BookmarkSubscribeRSS Feed
Ronein
Meteorite | Level 14
Hello
I have a data set with information of income sources for each customer for 12 months.
There can be several type of incomes sources:
Ind_Cash_Deposit(Income from cash deposit)
Ind_Check_Deposit(Income from cheque deposit)
Ind_Wage_Income((Income from wage)
Ind_SocialSeurity_Income(Income from social security)
I want to check for each customer-
IF there is an income source that was "active" in first 6 months and stopped be "active" in last 6  months.
The definition of  "Active" is that it is used at least 4 months from 6 months.
For example:
Customer 111:
In First 6 months active income sources are- Wage
In last 6 months active income sources are- Nothing
So in result wanted field will write "Wage"
Customer 222:
In First 6 months active income sources are- Wage+Social Insurance 
In last 6 months active income sources are- Social Insurance 
So in result wanted field will write " Social "
Customer 333:
In First 6 months active income sources are- Wage 
In last 6 months active income sources are- Wage
So in result wanted field will write " No_Change"
 
May show code that provide the result data set?
Please not that in result data set each customer will have one row only with following fields:
Active_Income_Source_First6Mon
Active_Income_Source_Last6Mon
Removed_Income_Sources
Data have;
input cust_ID YYMM Ind_Cash_Deposit Ind_Check_Deposit Ind_Wage_Income Ind_SocialSeurity_Income;
cards;
111 2212 0 1 1 0
111 2301 0 0 1 0
111 2302 0 0 1 0
111 2303 1 1 1 0
111 2304 0 0 1 0
111 2305 0 0 1 0
111 2306 0 0 1 0
111 2307 0 0 1 0
111 2308 0 0 1 0
111 2309 0 0 0 0
111 2310 0 0 0 0
111 2311 0 0 0 0
222 2212 0 0 1 1
222 2301 0 0 1 1
222 2302 0 0 1 1
222 2303 0 0 1 1
222 2304 0 0 1 1
222 2305 0 0 1 1
222 2306 0 0 1 1
222 2307 0 0 1 1
222 2308 0 0 1 1
222 2309 0 0 0 1
222 2310 0 0 0 1
222 2311 0 0 0 1
333 2212 0 0 1 0
333 2301 0 0 1 0
333 2302 0 0 1 1
333 2303 0 0 1 1
333 2304 0 0 1 0
333 2305 0 0 1 0
333 2306 0 0 1 0
333 2307 0 0 1 0
333 2308 0 0 1 0
333 2309 0 0 1 0
333 2310 0 0 1 1
333 2311 0 0 1 0
;
Date=input(cat(YYMM),YYMMN4.):
Format date date9.;
Run;
5 REPLIES 5
Patrick
Opal | Level 21

"IF there is an income source that was "active" in first 6 months and stopped be "active" in last 6  months"

So you're not interested in a change where a source was inactive in the first 6 months and then active afterwards?

 

Is your real data also already sorted by cust_id and month_YYYYMM?

Does your real data also only contain 12 months per customer?

Ronein
Meteorite | Level 14
Always 12 months follow up for each customer.
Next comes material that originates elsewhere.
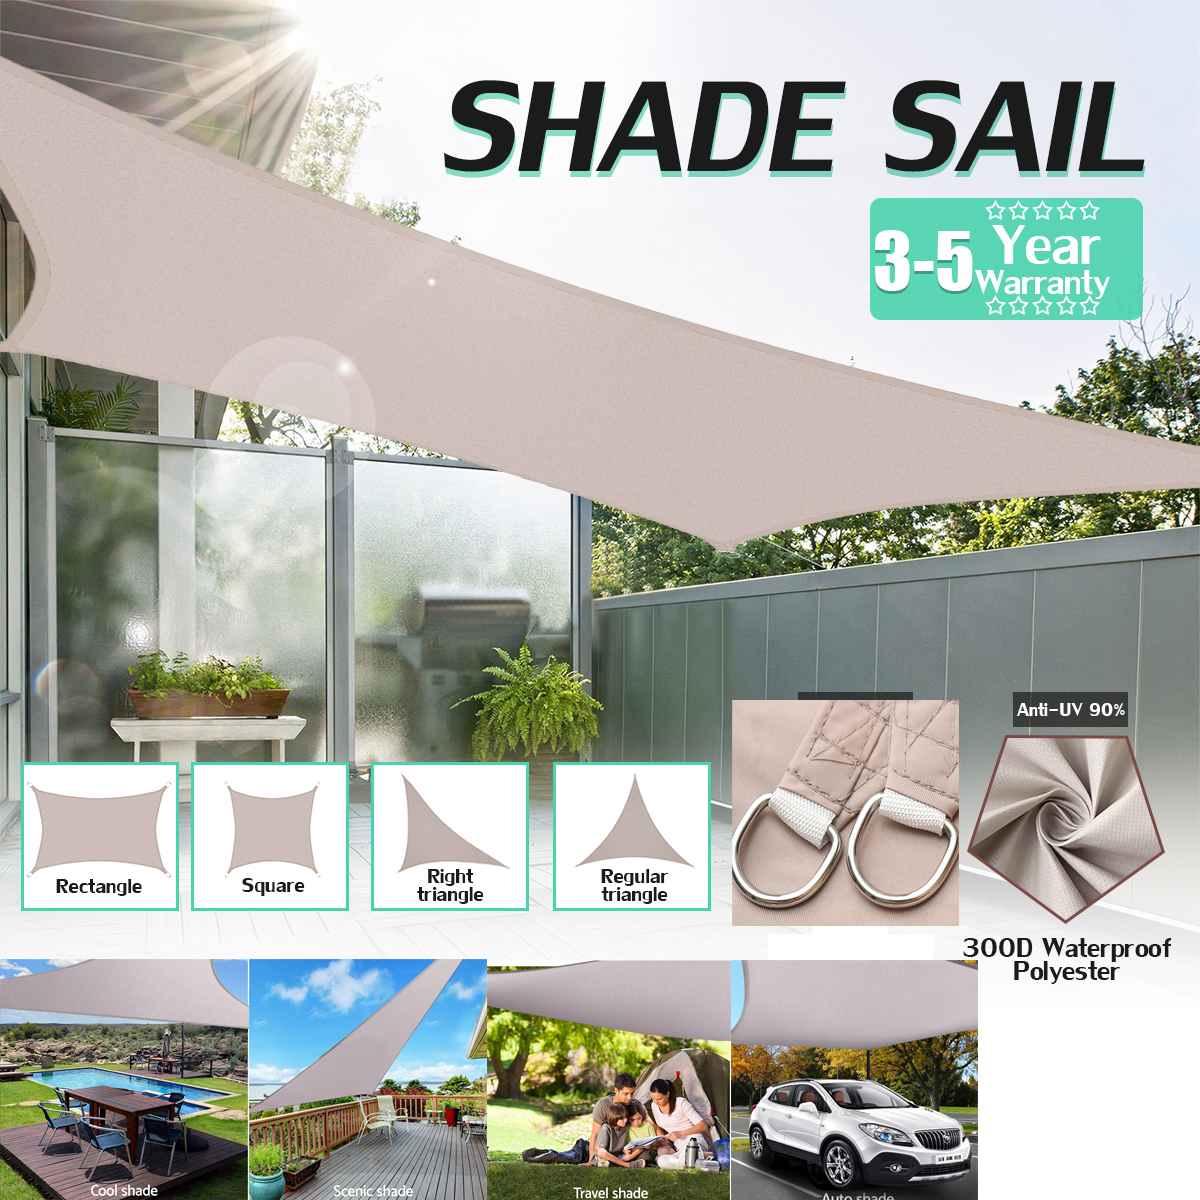 Waterproof Sun Shelter  Sunshade Protection Outdoor Canopy Garden Patio Pool Shade Sail Awning Camping Shade Cloth Large

If there are added sources of income then put it in plus for example "wage+". If lost income sources than put it in minus for example " wage-"
ballardw
Super User

Yet another case of the first thing needed to deal with "6 months" is fixing the "date" value for every single record.

 

Repeatedly.

 

If you are going to ask us about intervals then at least do the step yourself to make sure there is an actual DATE value before asking for help.

You've been shown how multiple times.

Ronein
Meteorite | Level 14

Here is the raw data set.

I added date var

Data _have;
input cust_ID YYMM Ind_Cash_Deposit Ind_Check_Deposit Ind_Wage_Income Ind_SocialSeurity_Income;
cards;
111 2212 0 1 1 0
111 2301 0 0 1 0
111 2302 0 0 1 0
111 2303 1 1 1 0
111 2304 0 0 1 0
111 2305 0 0 1 0
111 2306 0 0 1 0
111 2307 0 0 1 0
111 2308 0 0 1 0
111 2309 0 0 0 0
111 2310 0 0 0 0
111 2311 0 0 0 0
222 2212 0 0 1 1
222 2301 0 0 1 1
222 2302 0 0 1 1
222 2303 0 0 1 1
222 2304 0 0 1 1
222 2305 0 0 1 1
222 2306 0 0 1 1
222 2307 0 0 1 1
222 2308 0 0 1 1
222 2309 0 0 0 1
222 2310 0 0 0 1
222 2311 0 0 0 1
333 2212 0 0 1 0
333 2301 0 0 1 0
333 2302 0 0 1 1
333 2303 0 0 1 1
333 2304 0 0 1 0
333 2305 0 0 1 0
333 2306 0 0 1 0
333 2307 0 0 1 0
333 2308 0 0 1 0
333 2309 0 0 1 0
333 2310 0 0 1 1
333 2311 0 0 1 0
444 2212 0 0 0 0
444 2301 0 0 0 0
444 2302 0 0 0 0
444 2303 0 0 0 0
444 2304 1 1 0 0
444 2305 0 0 0 0
444 2306 0 0 0 0
444 2307 0 0 1 0
444 2308 0 0 1 0
444 2309 0 0 1 0
444 2310 0 0 1 0
444 2311 0 0 1 0
;
Run;

data have;
retain cust_ID YYMM date Ind_Cash_Deposit Ind_Check_Deposit Ind_Wage_Income Ind_SocialSeurity_Income;
set _have;
Date=input(put(YYMM,4.),yymmn4.);
format date date9.;
Run;
LinusH
Tourmaline | Level 20

It still a bit unclear, your example forge" 222 seem inconsistent, shouldn't that be "Wage" in Removed_Income_Sources?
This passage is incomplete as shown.